Traditional Web Server:
The pizza shop receives a call for the initial order and starts the pie. Then the customer calls back periodically to check if the pie is done because the pizza shop cannot call back or deliver.
In a traditional web server, the person making pizzas only makes one at a time and can't do anything else until that pizza is done and delivered. In an evented model, each pizza maker makes many pizzas at once, and just watches for events (the oven timer goes off) and acts on them. (takes the pizza out) Sometimes if a task is taking him too long, he'll ask an assistant to work on it so that he can get back to making pies.
The hardware is doing fundamentally the same thing either way, but in the threaded model, it's also doing a lot of other stuff that you probably don't care about.
So, to explain it to my grandma: It's just a simpler way to think about it. There isn't really a big difference.
No, the advantage of doing it in userspace code is that you can paper over the deficiencies of the layers under the one you are working in with significant manual effort. Node.js introduced the concurrency problems when it selected Javascript as one of the layers, it doesn't get much credit in my mind for then solving them at great effort and with horrible damage done to the resulting program structures. The problems Node.js solves are not fundamental to programming, they are fundamental to Javascript.
Pick something like Erlang and the problem never exists in the first place. You don't have to paper over the deficiencies in the lower levels, because the levels below the code you're writing aren't deficient for concurrency in the first place.

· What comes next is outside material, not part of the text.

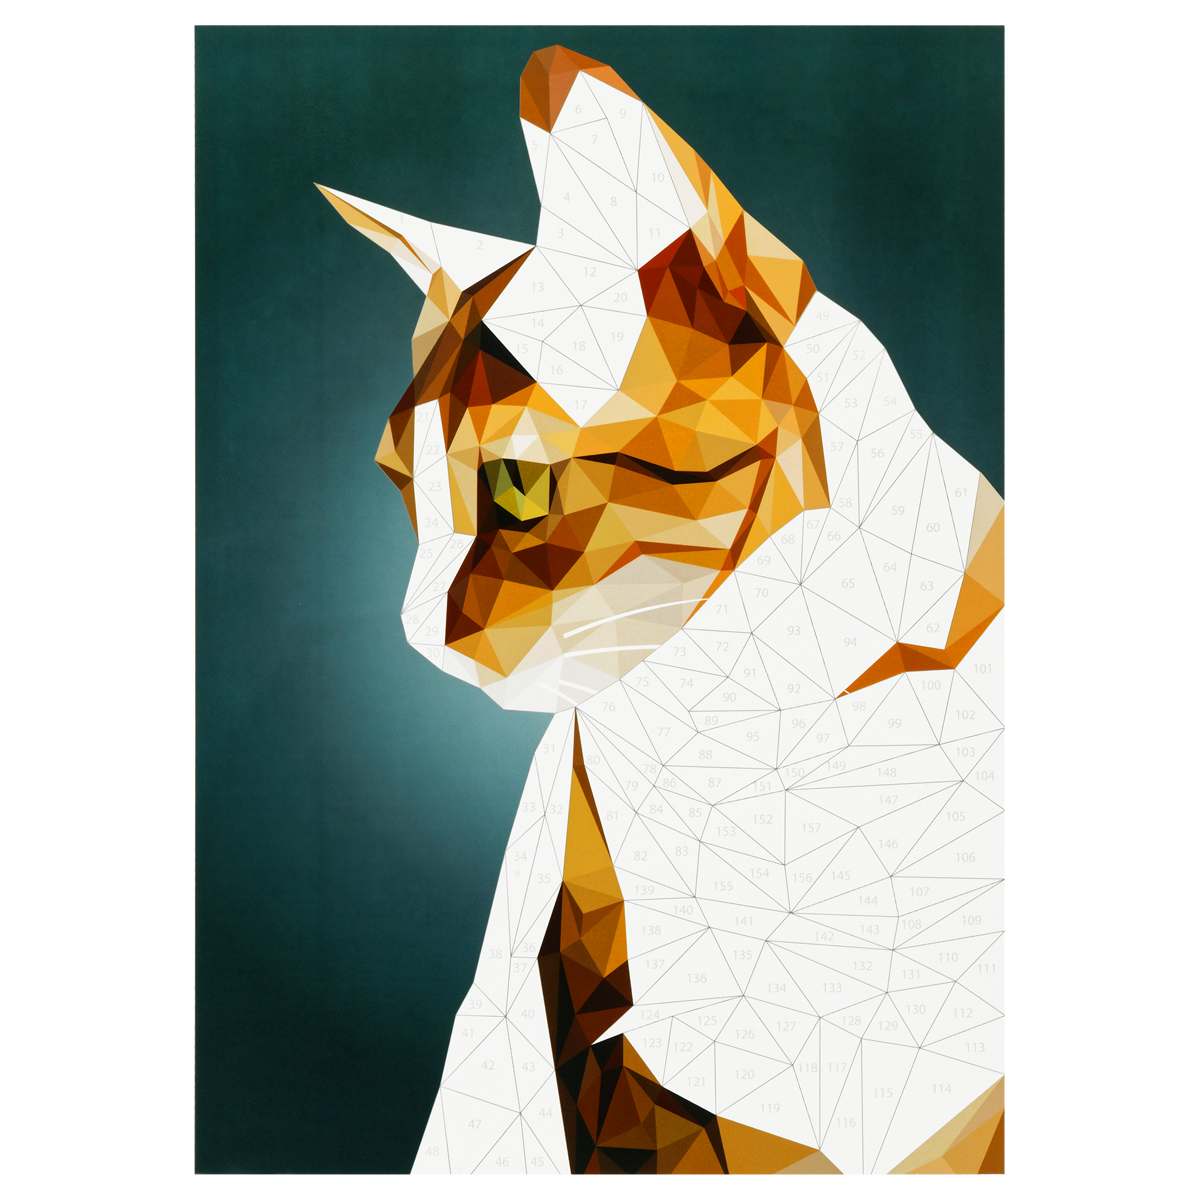 картинка Аппликация бумажная наклейками, А4, 2 основы, "Кошки", Три совы, АПн_51037 от магазина Альфанит в Кунгуре
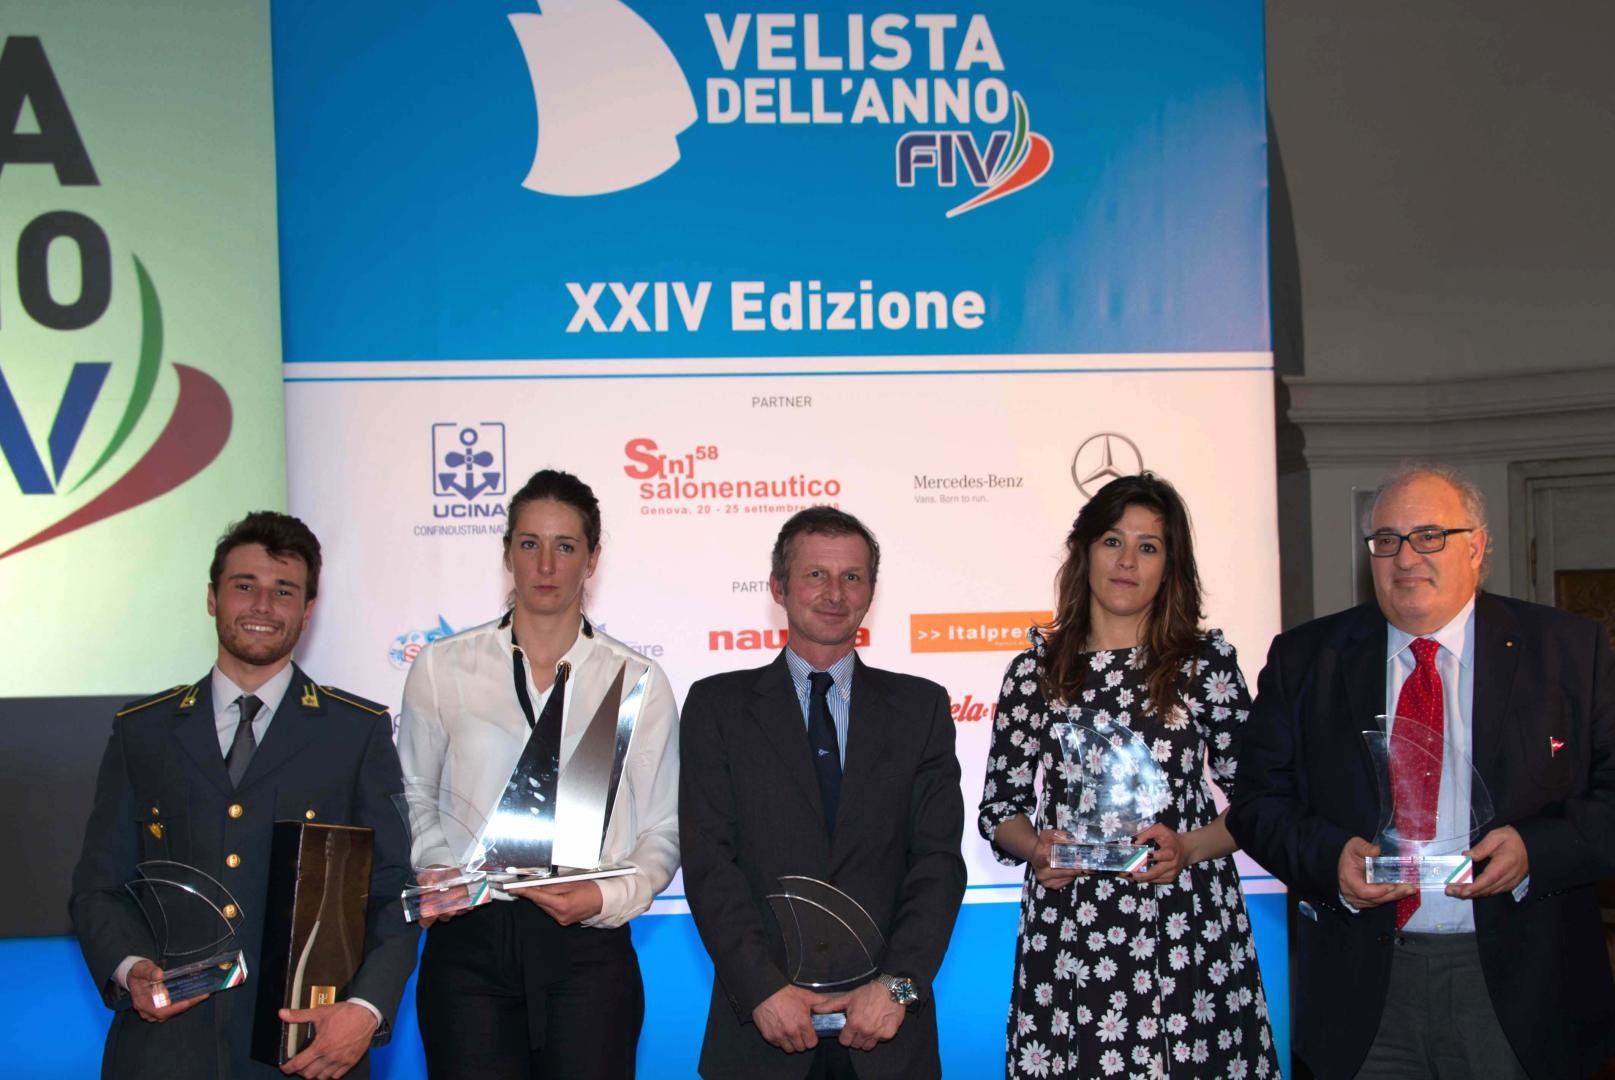 Velista dell'Anno FIV: I vincitori dei premi in gruppo

I should point out that in general this is not necessarily a bad thing; alas, there's always some way your lower layers are deficient, and it's far worse when they make it impossible to paper over the problem. Still, you will never end up with simpler code. More specialized, oh my yes, but certainly not simpler. And the wisdom of picking a layer that is fundamentally deficient for your core target problem then papering over it seems pretty limited to me.
Now, be fair: Erlang papers over the deficiencies of the lower layers (namely, the kernel) with significant manual effort. It's just that someone else has already gone to this effort. BEAM is an event-based server behind the scenes, with lots of syntactic sugar to make it look multithreaded. The PLT Scheme webserver is another example of this.
I also didn't mean to suggest that the code itself is necessarily simpler. It can be, but (as the node.js example proves) it is certainly not always. The scheduling algorithm, on the other hand, is typically much simpler. Namely, it's typically "round-robin cooperative multitasking." No serious operating system since Windows for Workgroups has actually tried to use round-robin cooperative multitasking.
All the other "thread stuff" is typically simplified as well: smaller stacks (if any at all), simpler context-switching code, that sort of thing. The actual encoding of the business logic? That depends on the problem.
It's like a waiter at a restaurant- you tell it what you want and a few moments later, the waiter (or server) returns what you've ordered.
Good?
The waiter takes the customer's order and then waits for the food to be prepared before returning with the dish.
Asking the the waiter to ask the chef whether or not the fish is fresh is like making a head request.
Edit: and LDAP, and Redis, and medical PACS datastores, and RDBMS in all their multifaceted splendour... a freakish amount of programming boils down to CRUD.
Edit 2: and Gopher. I feel a little sad for forgetting about Gopher.
We've all been to the neighborhood coffee place where the girl will take your order, turn around and make your entire drink, hand it to you and ask for payment. We've all stood in that line.
We've also all been to Starbucks, where the girl takes your order, writes it on a cup, takes your money, then moves on to the next customer. And by the time you walk to the other end of the counter the guy in front of you already has coffee in his hand.
It still doesn't fit web servers exactly, but at least it fits the real world.
To me, it seems that no matter how you take the "messages" to do work, that work still has to be done. It surely doesn't magically use less resources because you told the OS that it could just call you back when it is done, as opposed to you having to hang around? Something has to be hanging around on one side or the other, and the "call back" takes resources as well, surely? It seems that you are just trading tit for tat. Maybe the reason is to not utilize some specific resource in the meantime?
Of course then Grandma, not being an idiot, will say "why not just have driver bring the pizza and not have the phone all tied up to begin with?" and she is absolutely correct. It is better to just set up a scenario where you have waiters, and customers show up a the shop, and in blocking your waiter doubles as the cook, so you need one waiter per meal... and so on. This analogy passes a slightly closer examination.
http://www.quora.com/Can-someone-explain-poll-epoll-in-Layma...
However, the pizza company can probably still only cook 256 pizzas at the same time (due to running out of pan-handles).
Writing event-driven applications is very prone to errors and invalid(impossible) states.